Monday, October 25, 2010

Halloween

Halloween is drawing near. It's never been my favourite holiday. There's something about the tinsel and snow of Christmas that can't be beat by kids in cheaply made costumes who take my candy. I mean, really. Which would you pick? (I ask this, of course, assuming you are not a five-year-old child, in which case the day on which you get to take candy from your neighbours is the best day of the year).
Still, I have a soft spot for the spooky fun of Halloween. Especially because, this year, I will be spending it with friends, having the living s**** scared out of me by various horror movies.
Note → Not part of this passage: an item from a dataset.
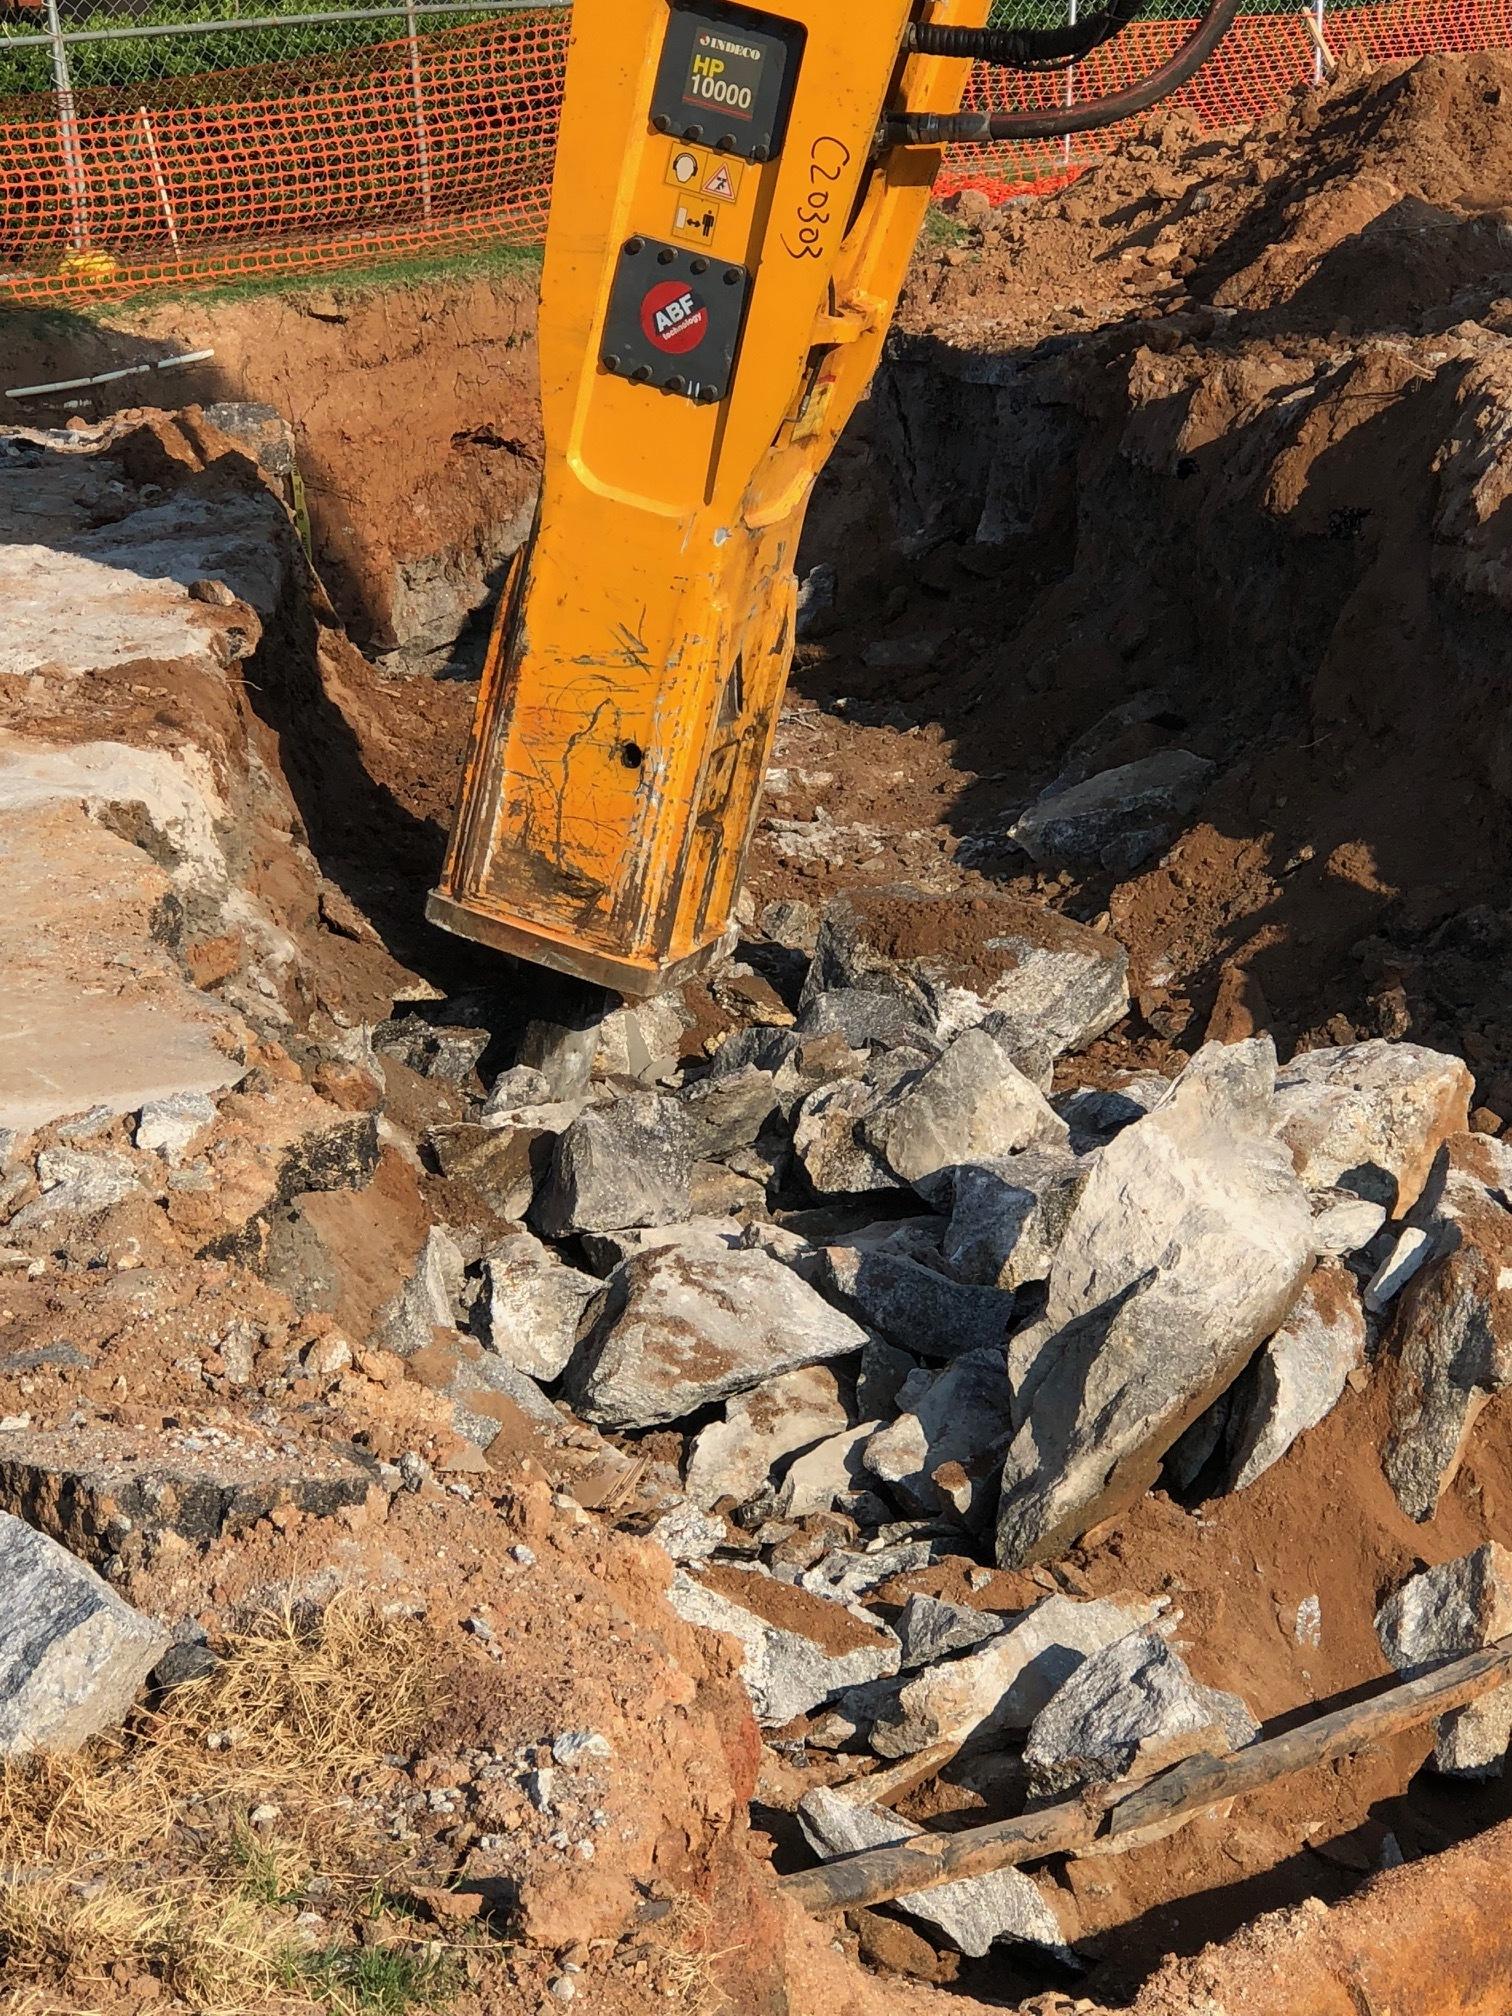 hydraulic breaker fracturing rock

I've never been a true horror fanatic, but I can stomach it, and it's fun when you're amongst good company. We have been trying to decide for a while which movies to watch for this get-together, and I have heard many, many summaries of different movies, all of which I apparently "have to see."
Now, I'm sure all the movies I have heard about have their own merit and are worth watching, but all this talking about horror movies has got me thinking about why we love horror so much. Why do we love scaring ourselves senseless? Why do we want to believe that there are truly horrible things - ghosts, werewolves, ax/chainsaw/fishing-hook -murderers - lurking just beyond our range of sight? It's kind of a counter-intuitive thing for a species to want to do, but I've come to the conclusion that horror movies are, in fact, much more comforting than they appear.
We want to believe in the paranormal, the gruesome, the unknown, for the same reason we want to believe in religion. Because if there is not the possibility, however slight, that there IS something hiding from us in the shadowy corners of a remote forest, something we could never even imagine, then what is there? There is just this, just what we know. There are trees all grouped together in a night poorly lit by the moon. There's no excitement in that; there is nothing to believe in. If there are no ghosts (or demons or gods, etc.), then all that happens after we die is that our bodies decompose in the ground and we are slowly, eventually, forgotten. If there are no demons, then there are just people who do bad things, not because they are inherently evil, but because there is something deeply wrong with the way their brains function - something that could happen to any of us, given the right circumstances.
People need to believe that there is something more to life than just what we can see, because what we can see is not movie-worthy, most of the time. It's standing in line at the grocery store and being $.50 off for a cup of coffee after waiting in line for fifteen minutes. It's having to clean up with a pounding headache and noticing obscure stains on the shirt that you JUST PUT ON five minutes ago. Most of the time, our lives are not note-worthy. If something terrible or scary does happen, it's not thrilling. It's sad and awful, and full of the tears of those close to the victims.
And there has to be, just has to be, more than that.